Ryan Frain sent his Owls an email on April 23.
The coach was quitting after two seasons with the club because of time constraints brought on by his job as a marketing specialist with Farmers Insurance, as well as his personal life.
“I guess the time commitment that I needed for my full-time job and then the time that was required and needed,” Frain said. “I guess I kind of explained to the guys in a farewell email and I told [general manager Jerry Roberts] over the phone that I couldn’t do this anymore.”
Thoughts of resigning started swirling around in Frain’s head during the middle of last season, as he thought about his future with the club. The club was 8-7 and the chances of ending the Owls’ three-year drought of making the American Collegiate Hockey Association Regional playoffs looked bleak.
“It was a harsh reality that I didn’t want to accept,” Frain said of his thoughts about his future. “Because I would have to be walking away from a good thing and something I loved, which was coaching.”
Frain was named Temple’s coach on May 25, 2013, after spending two years as an assistant coach under Roberts, who left to spend more time with his family.
In his first season, the Owls won seven of their first 12 games while scoring nearly five goals a game.
The hot start did not last, as the team went 4-6 in the last 10 games of the season. The Owls were eliminated in the first round of the Mid Atlantic Hockey College playoffs, finishing the season with a 12-9-3 record.
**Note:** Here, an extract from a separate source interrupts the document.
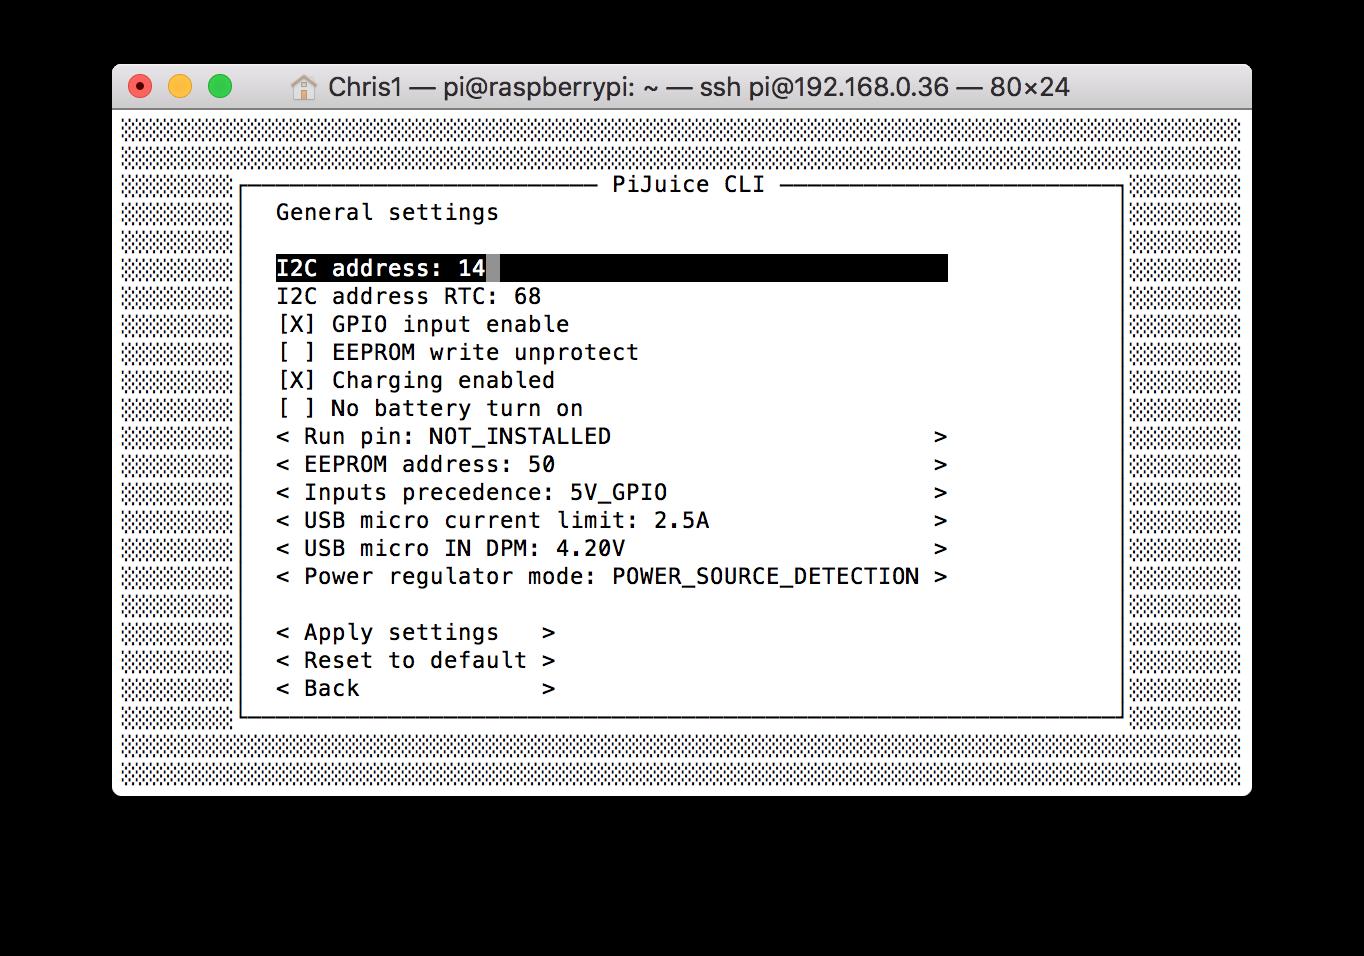 PiJuice/Software at master · PiSupply/PiJuice · GitHub
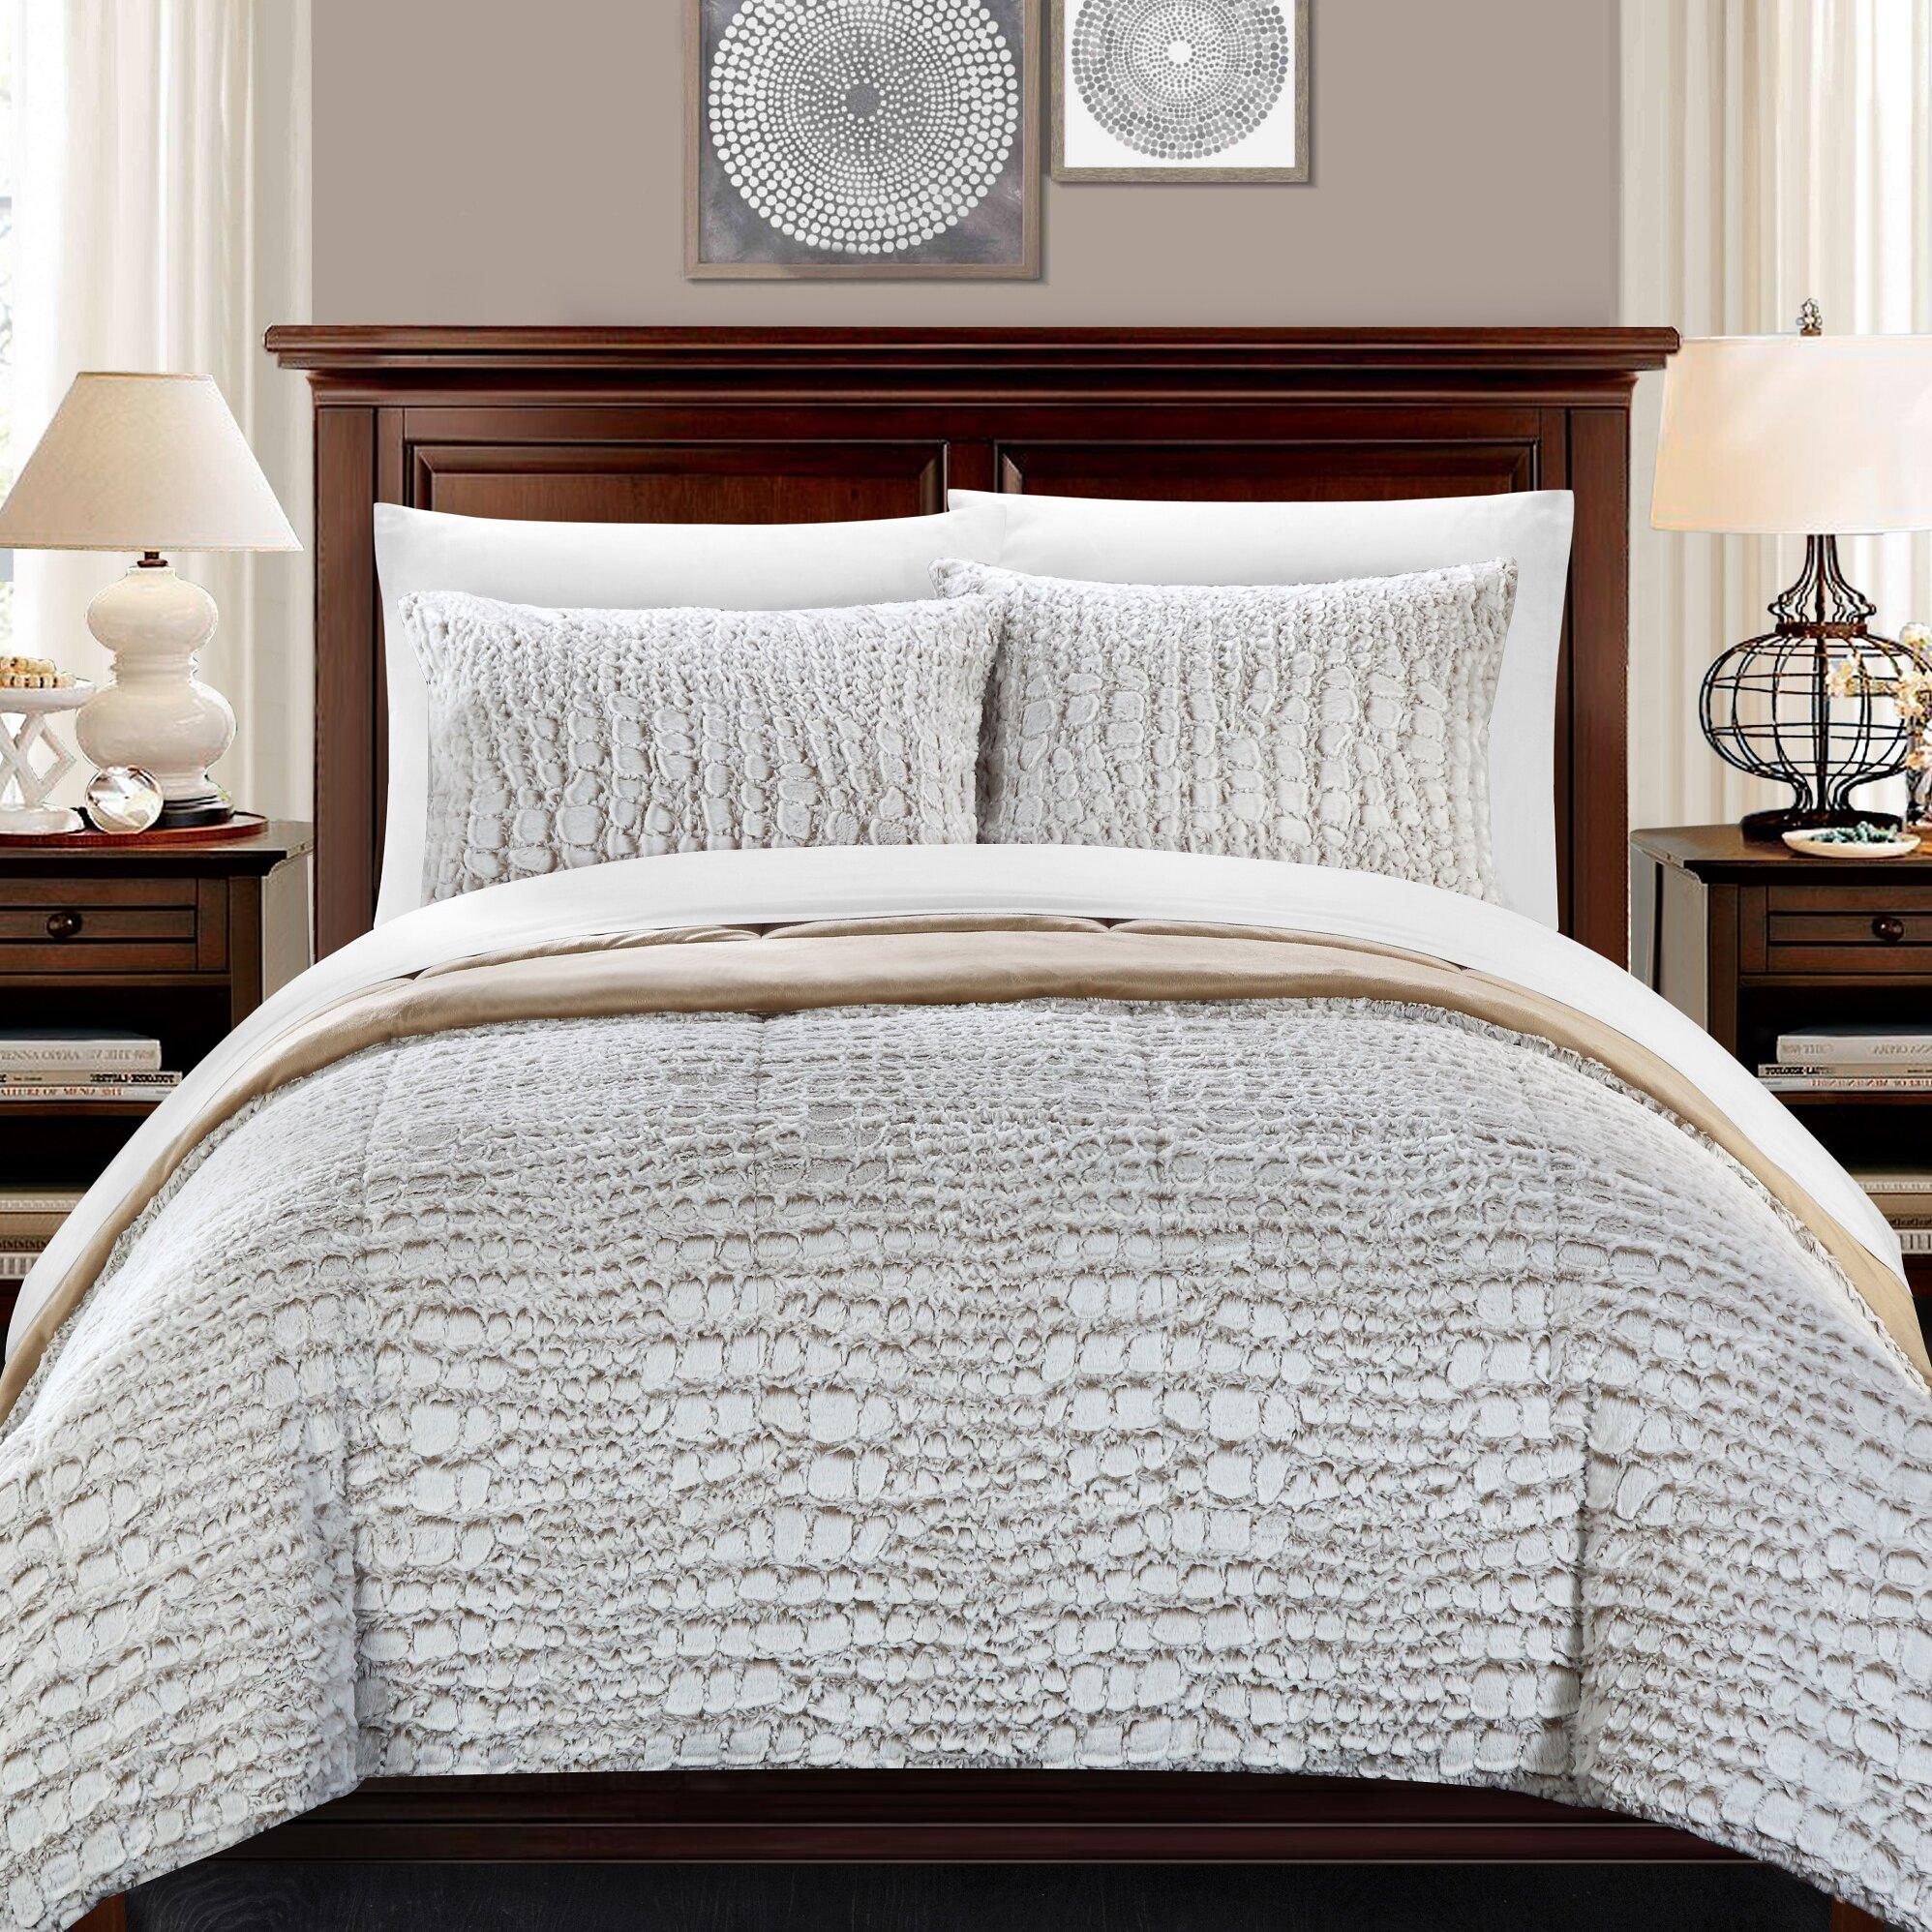 chic home alligator 7 piece queen comforter set reviews wayfair. Black Bedroom Furniture Sets. Home Design Ideas

Frain admitted prior to last season he was too friendly with the players in his first season.
“I saw that did not work at all,” Frain said last summer. “I think that is one of the big things this year, that I am going to hold everyone accountable regardless if they are our leading scorer or just a role player.”
The Owls jumped out to four straight wins in the beginning of Frain’s final season, but the team struggled through a six-game losing streak following the hot start and eventually finished 16-10-2. A three-goal rally by Rowan University in the MACH playoffs ended Temple’s season.
The playoff loss, coupled with the announcement of his team missing the Regional playoffs days later, left Frain searching for answers. After talking with his friends and family about his decision, the Owls’ coach sent his players the email informing them of his intentions.
“I didn’t necessarily expect him to step down after a few years,” defenseman Patrick Hanrahan said. “It was a shorter stint then I expected, but we’re thankful for that time that he managed to coach and especially as a player.”
Frain said his hectic schedule left him with feelings of resentment toward going to the ice rink. But he hopes it was a feeling his players could relate to.
“You have your times where I am sure the players could say the same thing where they don’t want to show up to the rink on any given day because you’ve had a long week or long day and you have other stuff to take care of, but that is something I committed to,” Frain said. “I wanted to put those guys in the best position and I was never [going to] leave them high and dry in that sense by leaving in the middle of the season. I knew it was my responsibility to keep pushing forward and try to put them in the best position to win and make regionals throughout last year.”
Frain, who played for the Owls from 2006 to 2011, has his No. 8 jersey retired by the team and is the all-time leader in goals, assists, points and games played with 99, 102, 201 and 178, respectively.
“He put 100 percent in and he wanted to win more than anybody I ever met in this organization,” Hanrahan said. “Since I came in as a freshman with him on the bench as an assistant coach, he always had that fire behind him and that is something night in and night out he brought to the rink.”
Hanrahan is also the team president and is working with fellow defenseman Jason Lombardi, Roberts, former captain Greg Malinowski and Temple Campus Recreation to decide on a coach in the next two weeks.
Frain coached forward Stephen Kennedy and Hanrahan to the ACHA Division two all-star challenge and Kennedy was also the MACH Most Valuable Player last season. This has given Frain the confidence that coaching could return again in the future.
“I mean honestly it was a great ride,” Frain said. “I love the club. I am still friends or best friends with a ton of guys that I either played with or I coached. They are memories of it I will never forget.”